The question of how to record sales tax in split transactions comes up frequently. Do you enter a lump sum into the sales tax category, divide sales tax by taxable subcategories, or do you just forget about sales tax altogether?
To categorize your purchases, split the transaction and break out items by category. The pasta sauce and apples are grocery items and aren't taxable. Your options for handling taxable items in your financial software are:
- Track the true cost by category: multiply the total for each category by the sales tax percentage and enter that amount in the category. If your state sales tax is 6% and the school supplies total came to $22.59, apply $23.95 ([22.59 x .06] + 22.59) to the school supplies category.
- Use a sales tax category: record the price of items directly off the receipt and place sales tax in its own category.
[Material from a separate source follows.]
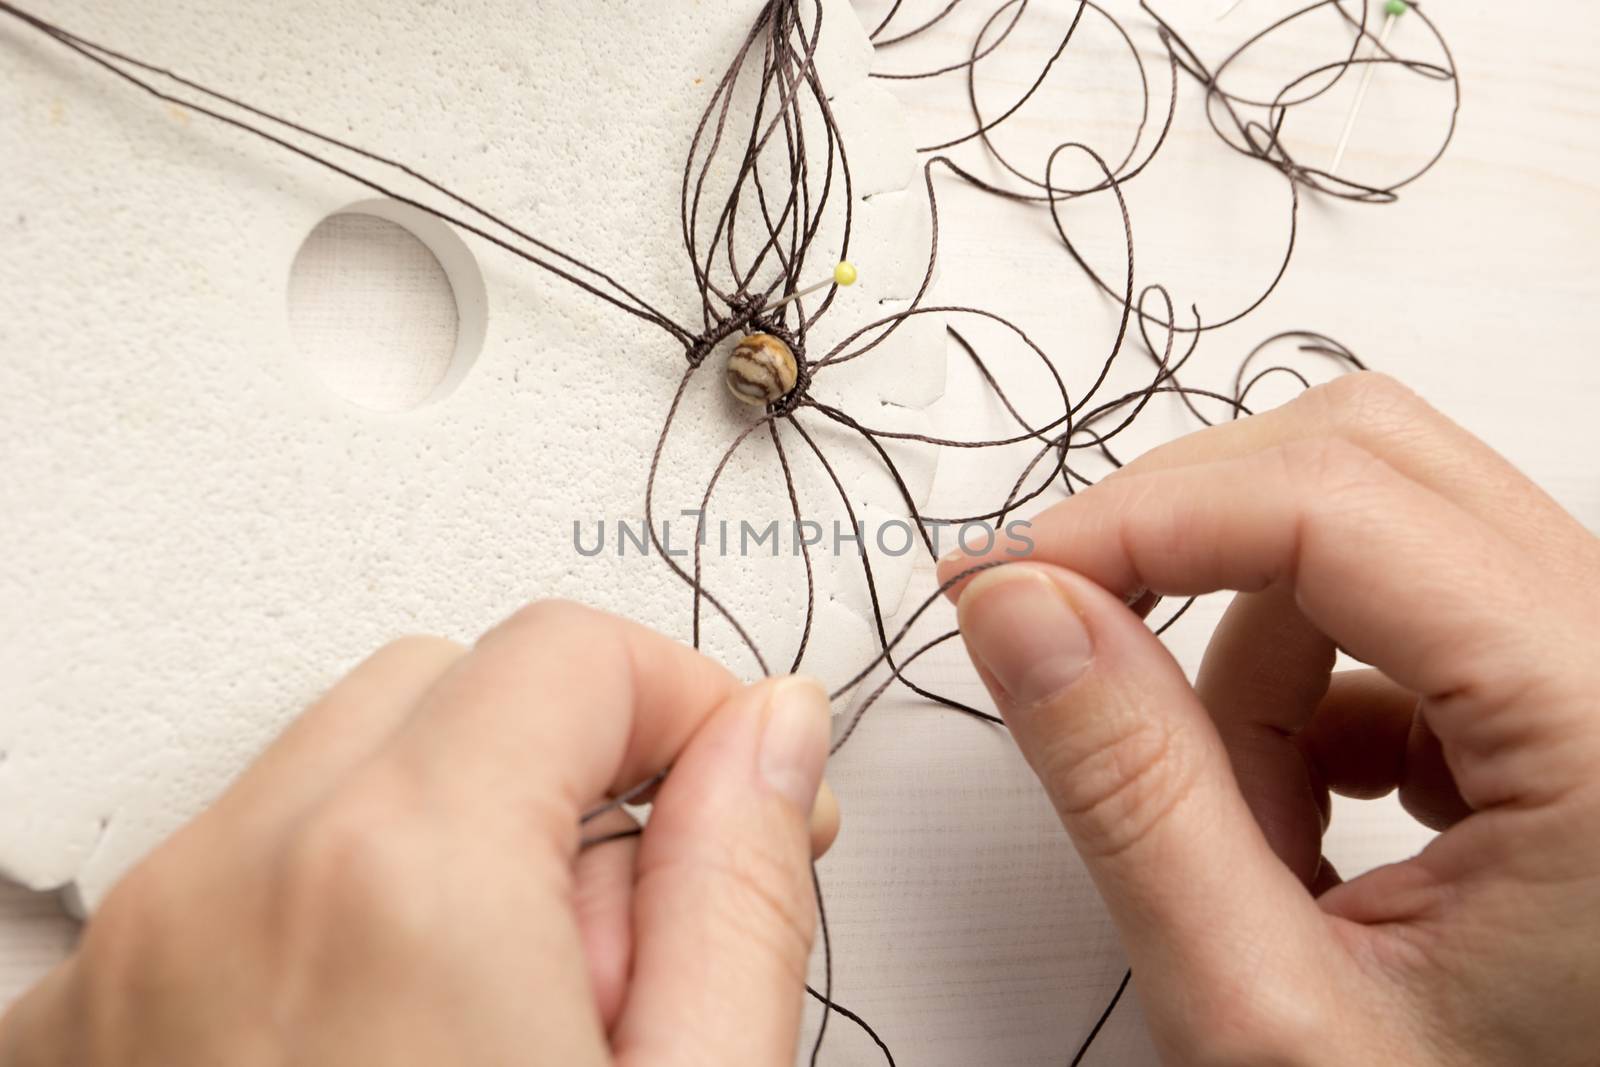 Lifestyle concept, reinvent your life and your job: close-up detail of woman hands making macrame knotted jewel with the fingers that tie the nylon thread around the diaspro natural stone

Record $22.59 in School Supplies and $1.36 (22.50 x .06) in Sales Tax.
- Estimate: Estimate sales tax on each category and add it to the cost of items under that category. This will most likely leave you with an uncategorized amount at the end which you will need to apply to expenses you choose. This does not give a true picture of your spending, but it works well enough for some.
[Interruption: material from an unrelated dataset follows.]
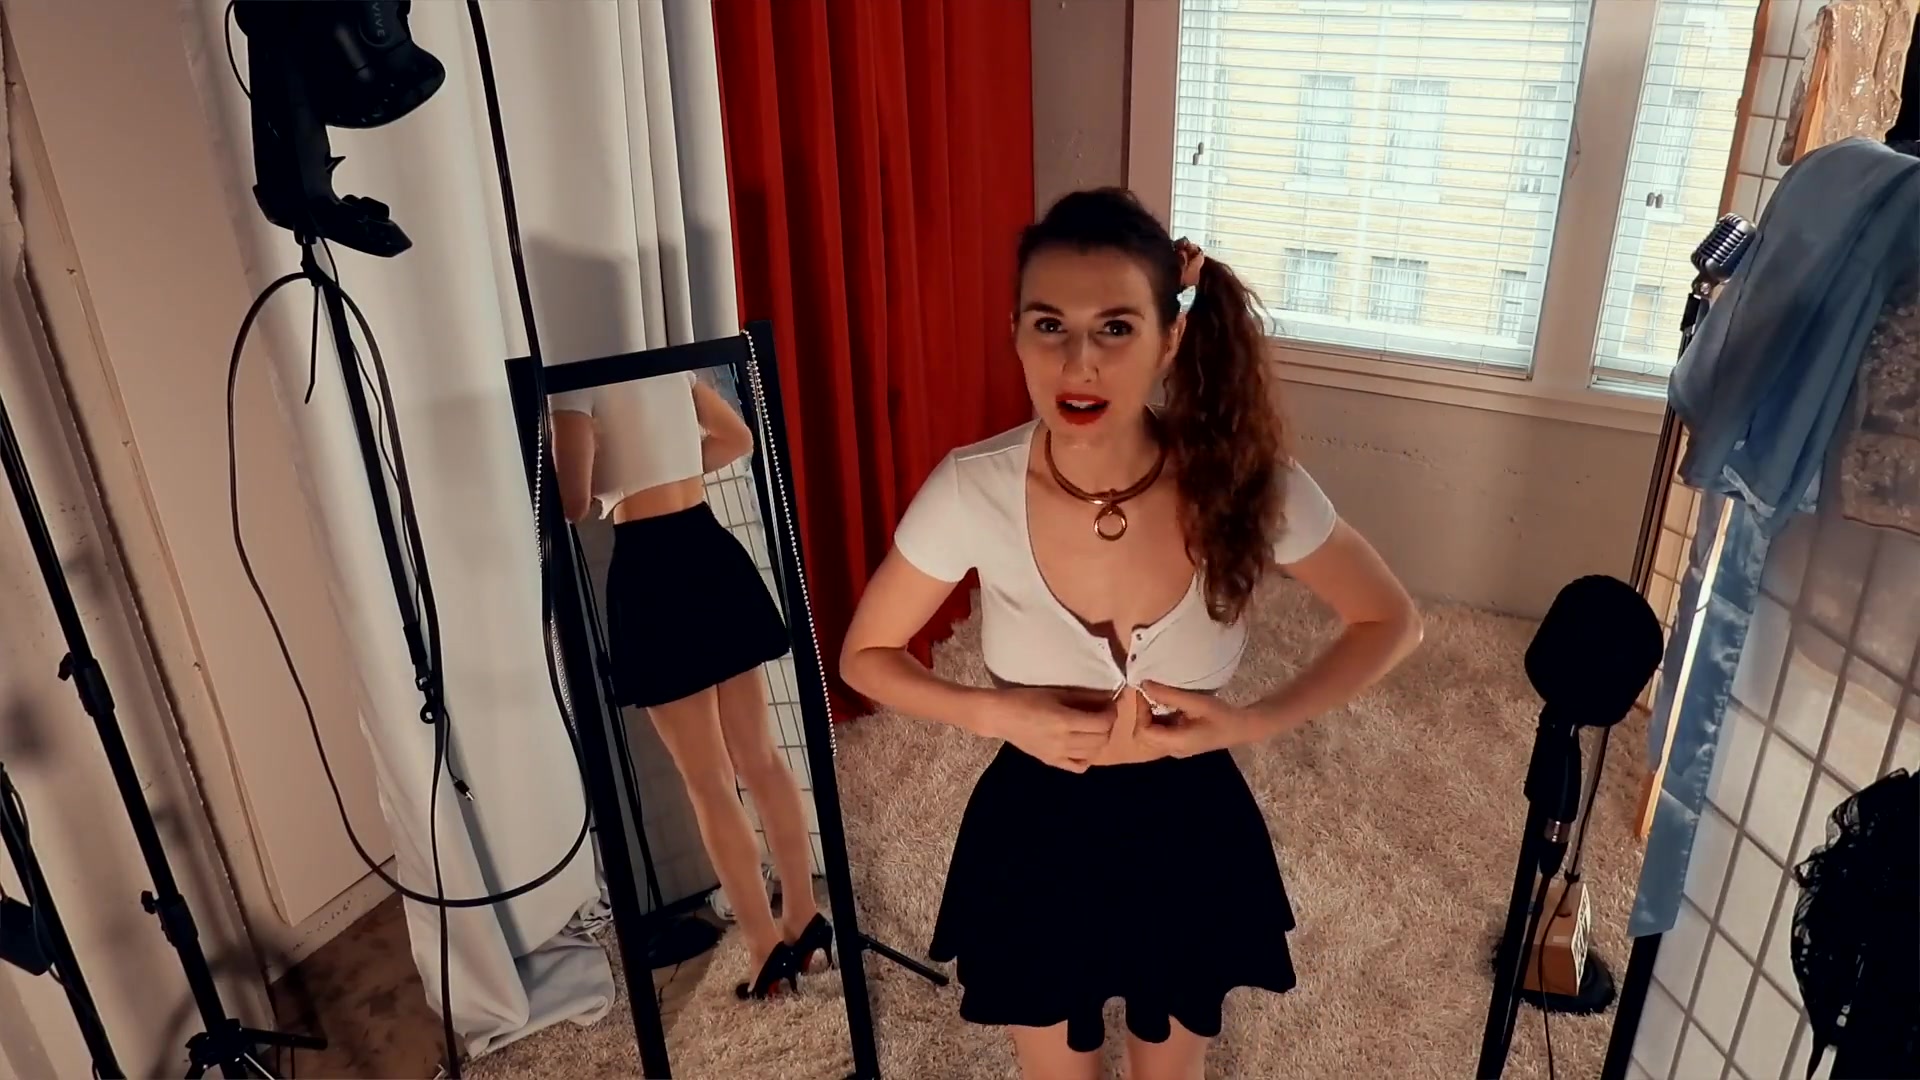 Piper blush will it fit friday uncensored

- Forget about it: Don't bother categorizing sales tax and leave it as an uncategorized expense.
How you record sales tax in split transactions in your financial software depends entirely on how much detail you want in your budget and spending reports, and how much time you want to put into doing calculations. I suggest starting out by categorizing sales tax in its own category to speed up the data entry in split transactions and to avoid having a lot of uncategorized expenses on your reports. If you decide you want to track true costs later on, you can always start using the first method to add sales tax to your categorized expenses in split transactions.